_Directions for this task_.
Give a verbatim copy of the lines below, minus the pictures.

_Source data_.
################

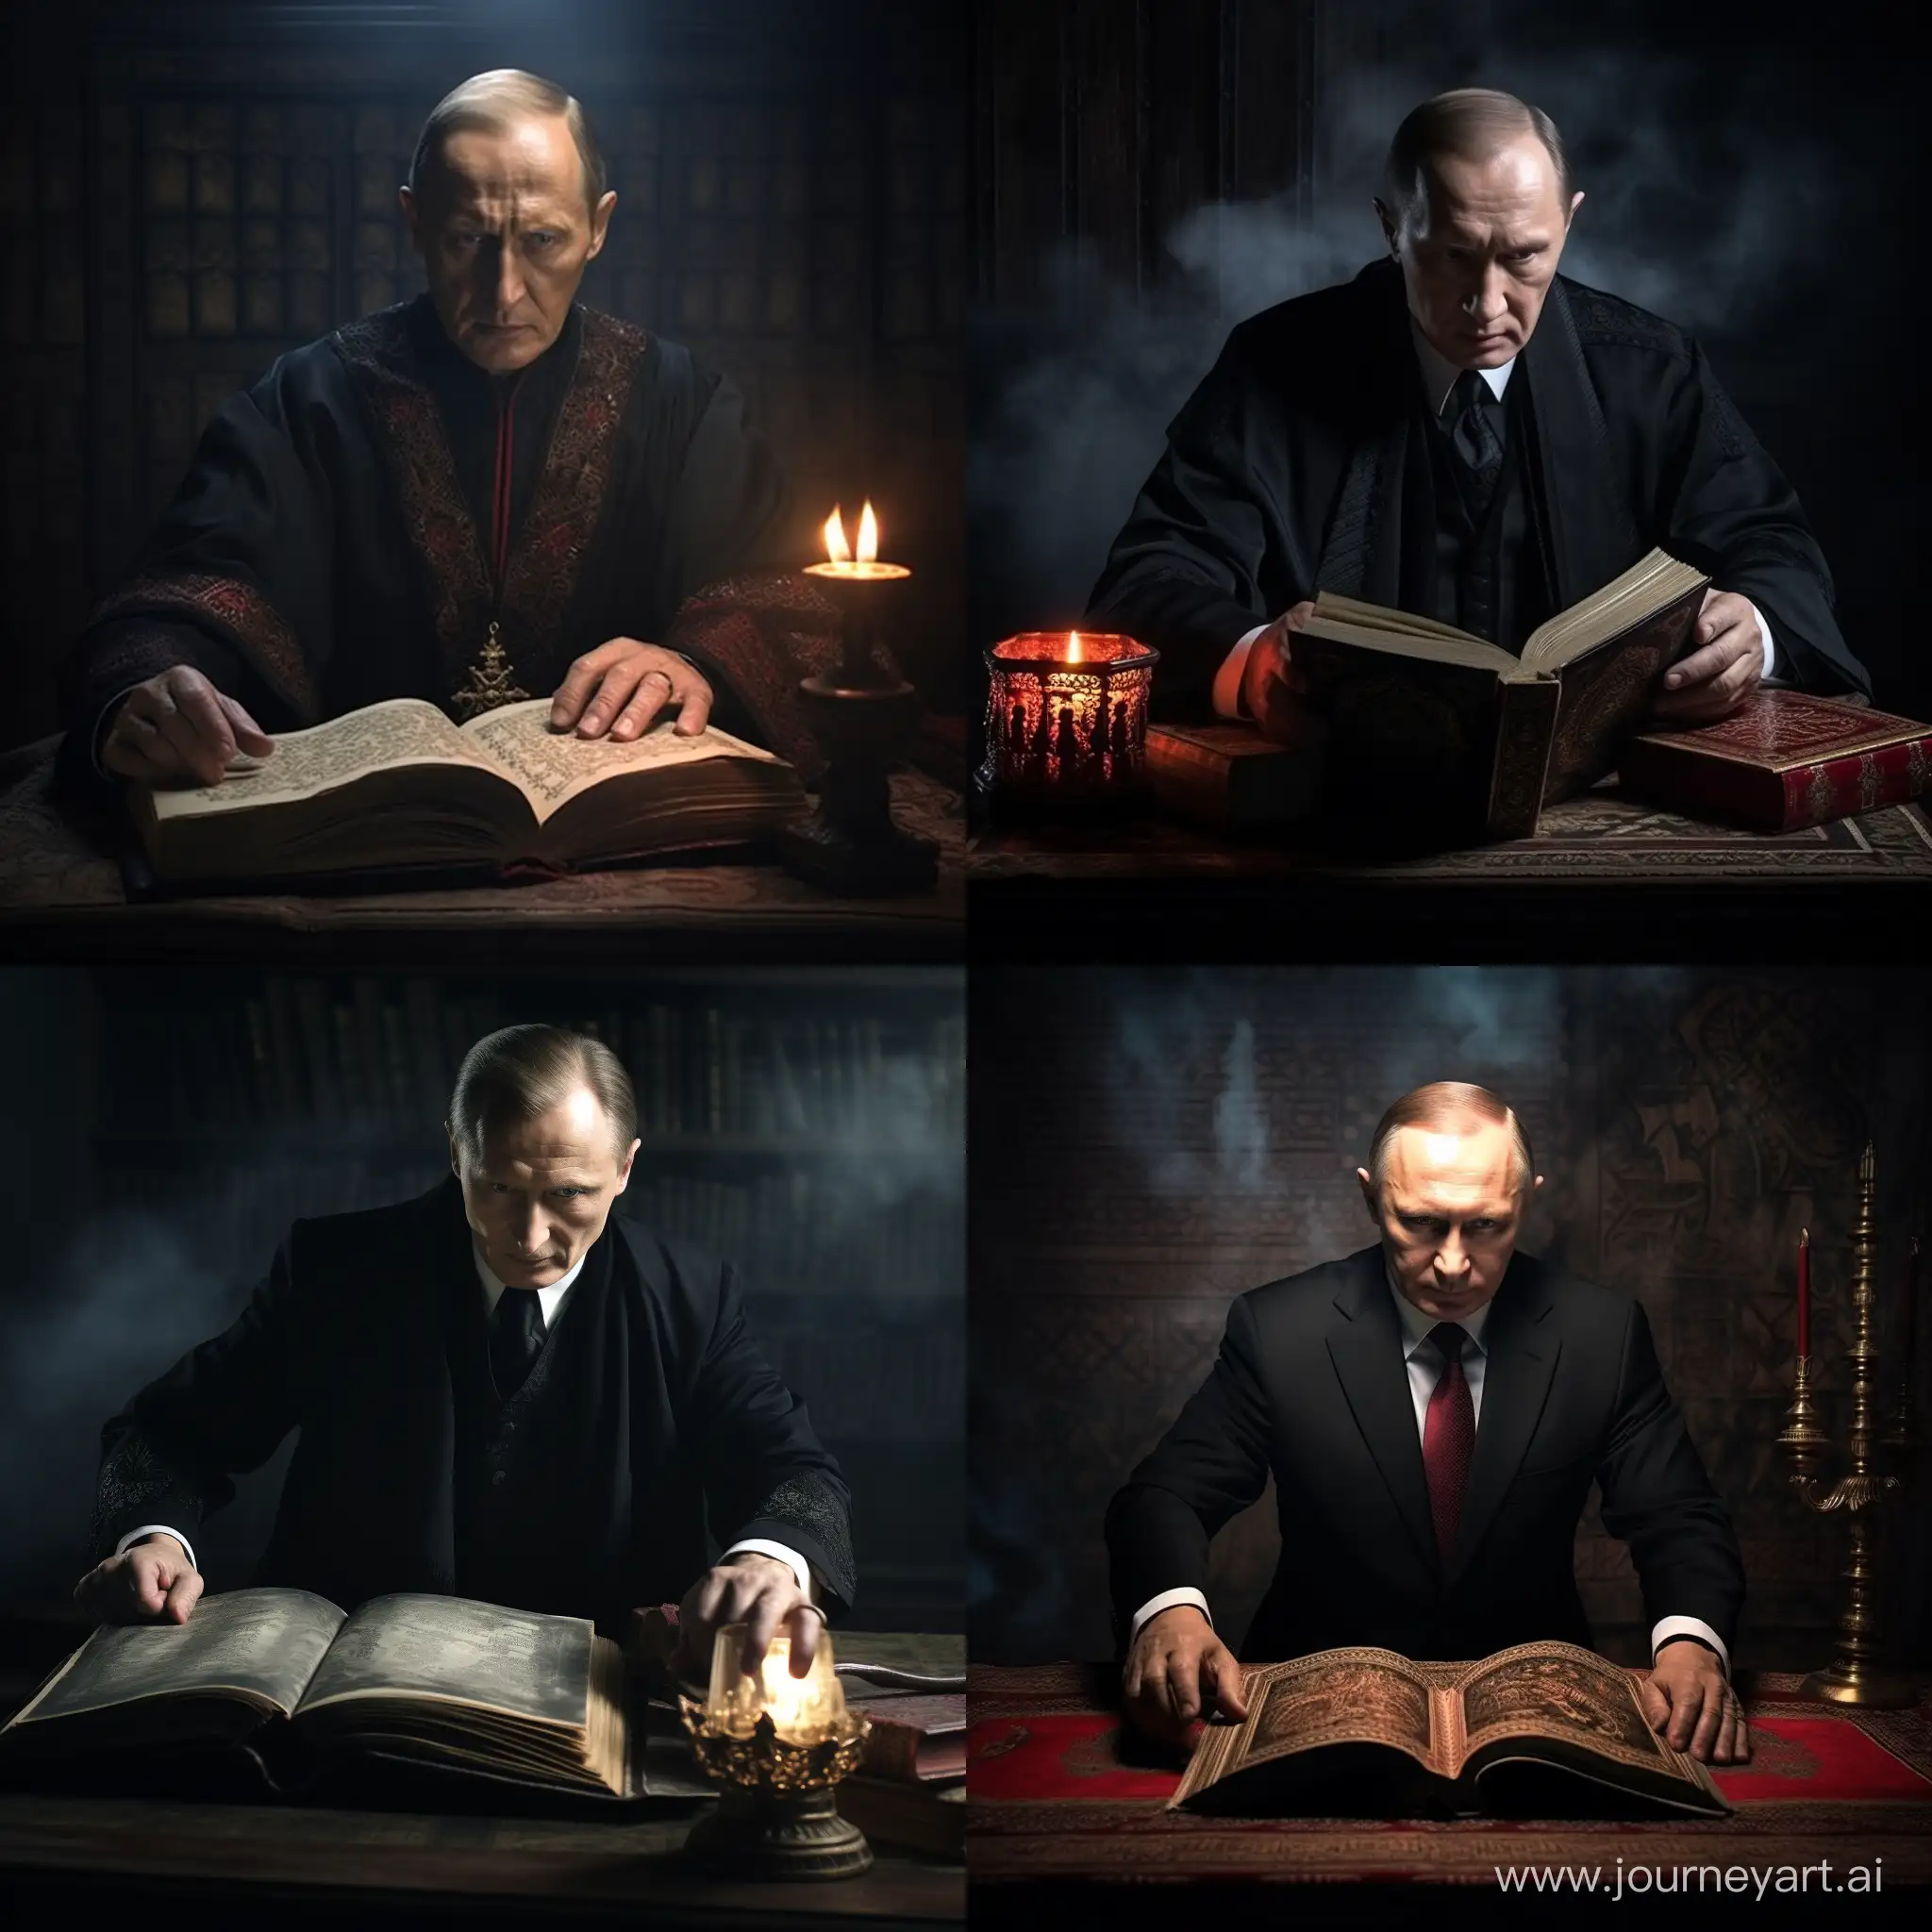 Vladimir-Putin-Unveils-Ancient-Enigmatic-Tome-in-Mysterious-Dark-Office
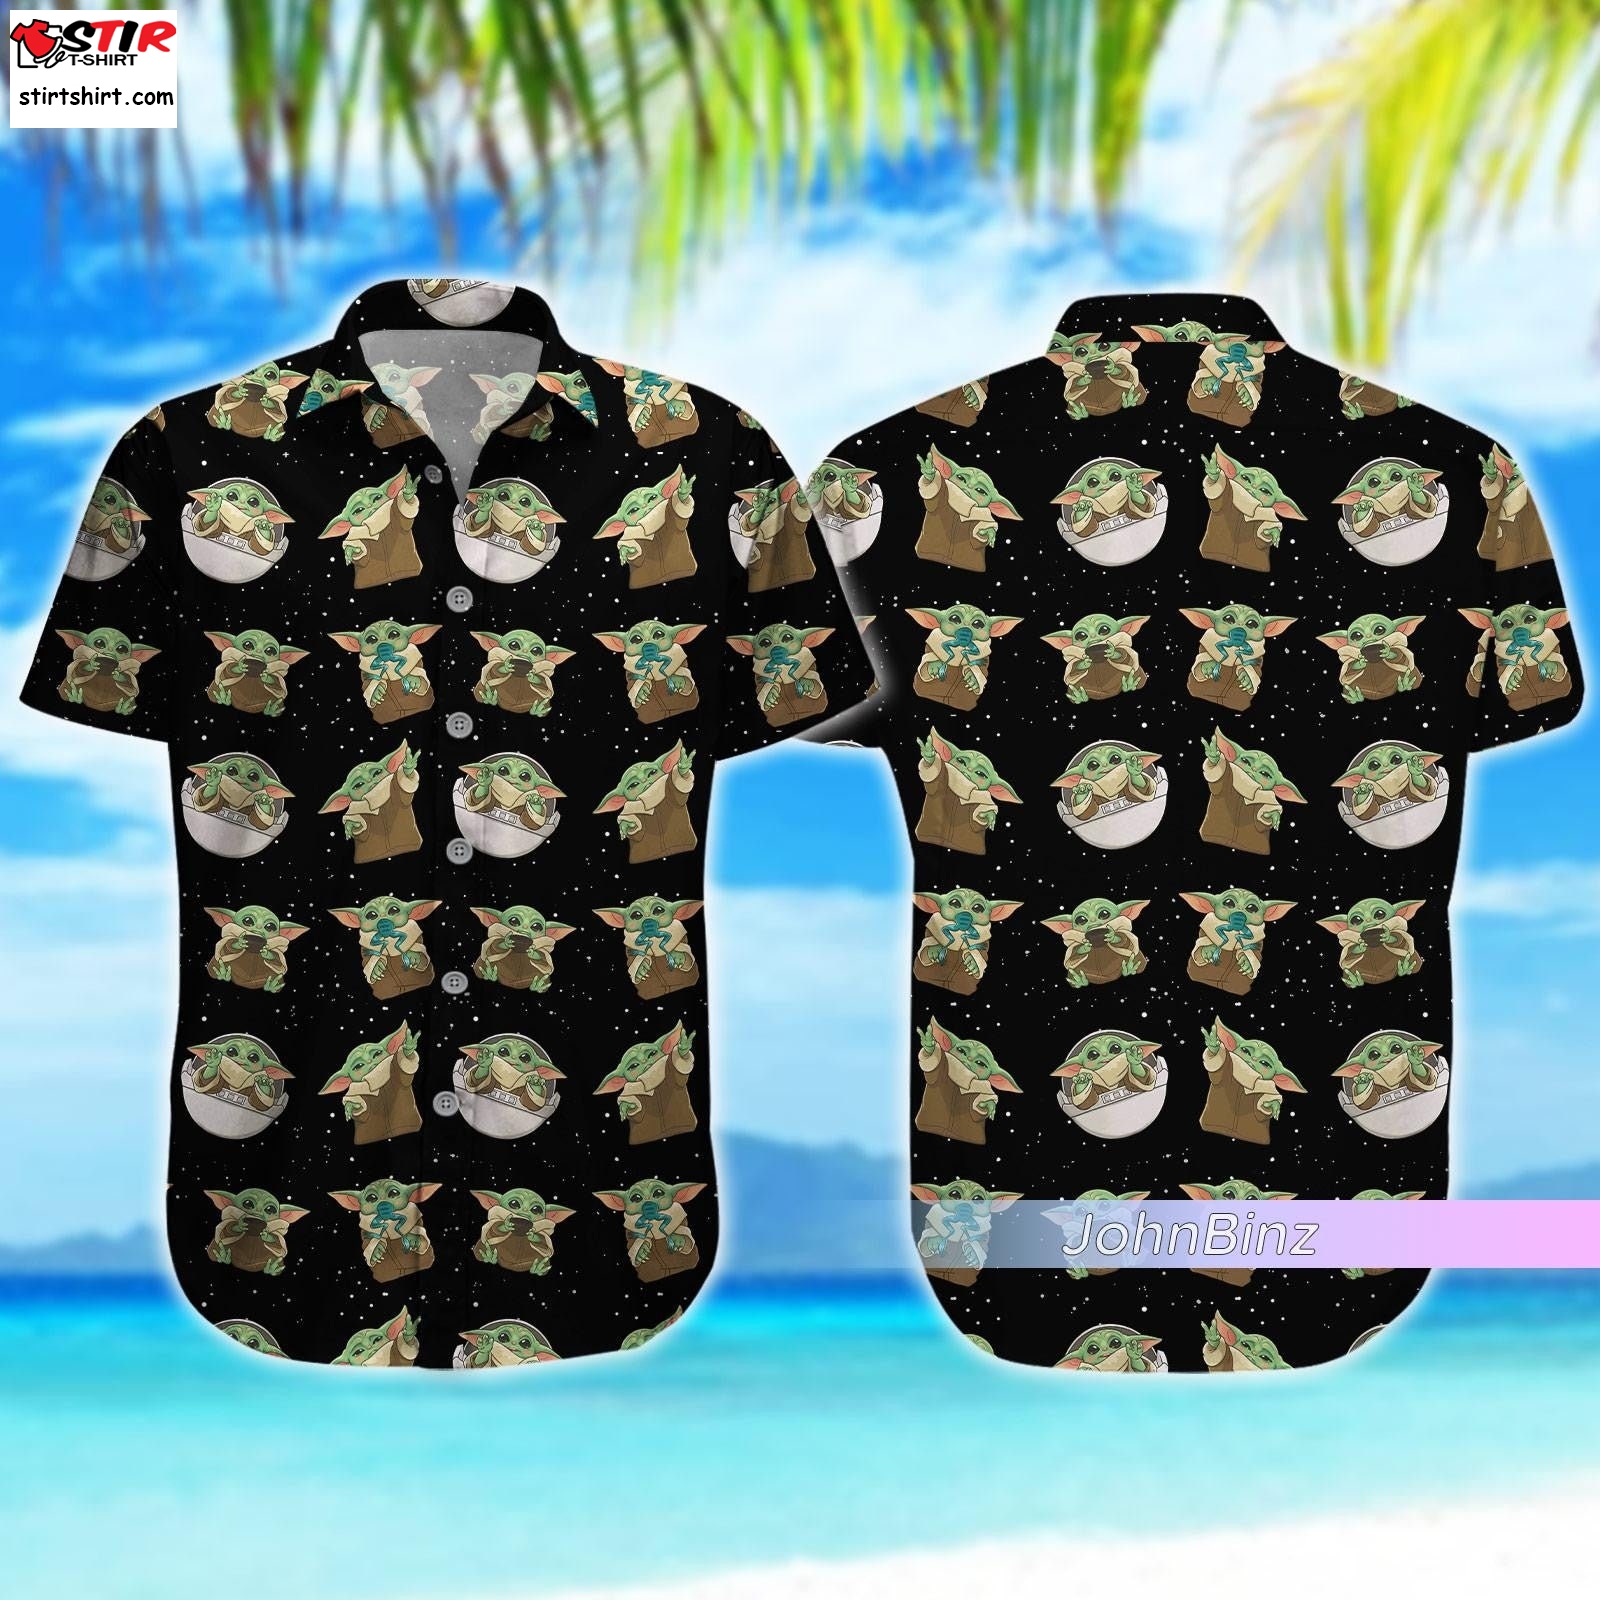 Baby Yoda Shirt, Star Wars The Mandalorian Hawaiian Shirt, Star Wars Button Down Shirt Black, Gifts For Yoda Lovers, Unisex S 5Xl Adult  Baby Yoda 
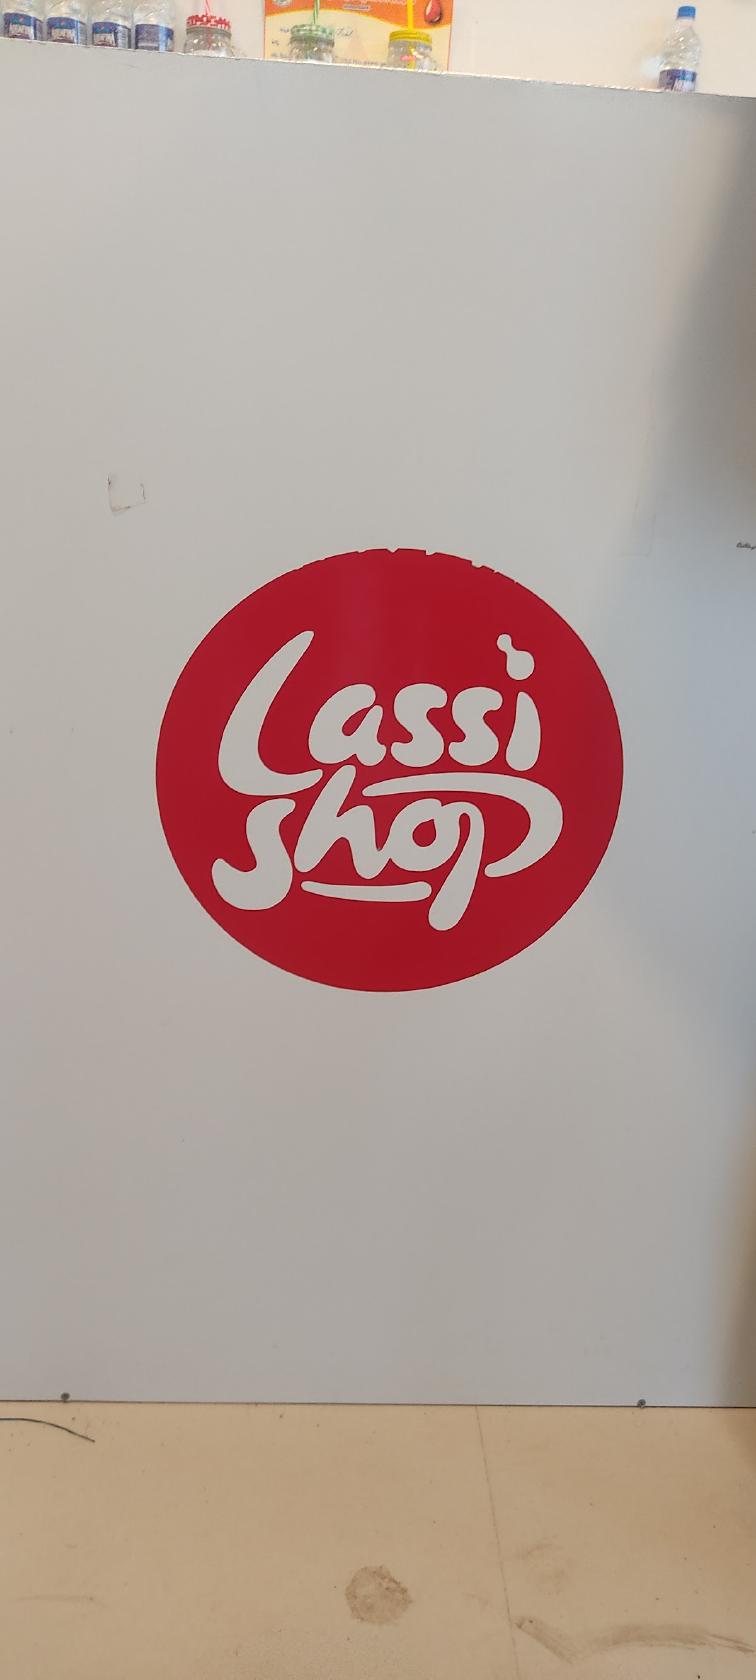 Lassi shop franchise - LASSI SHOP - KORAMANGALA - BANGALORE Customer Review  - mouthshut.com

################

_Your response_.
 Vladimir-Putin-Unveils-Ancient-Enigmatic-Tome-in-Mysterious-Dark-Office
 Baby Yoda Shirt, Star Wars The Mandalorian Hawaiian Shirt, Star Wars Button Down Shirt Black, Gifts For Yoda Lovers, Unisex S 5Xl Adult  Baby Yoda 
 Lassi shop franchise - LASSI SHOP - KORAMANGALA - BANGALORE Customer Review  - mouthshut.com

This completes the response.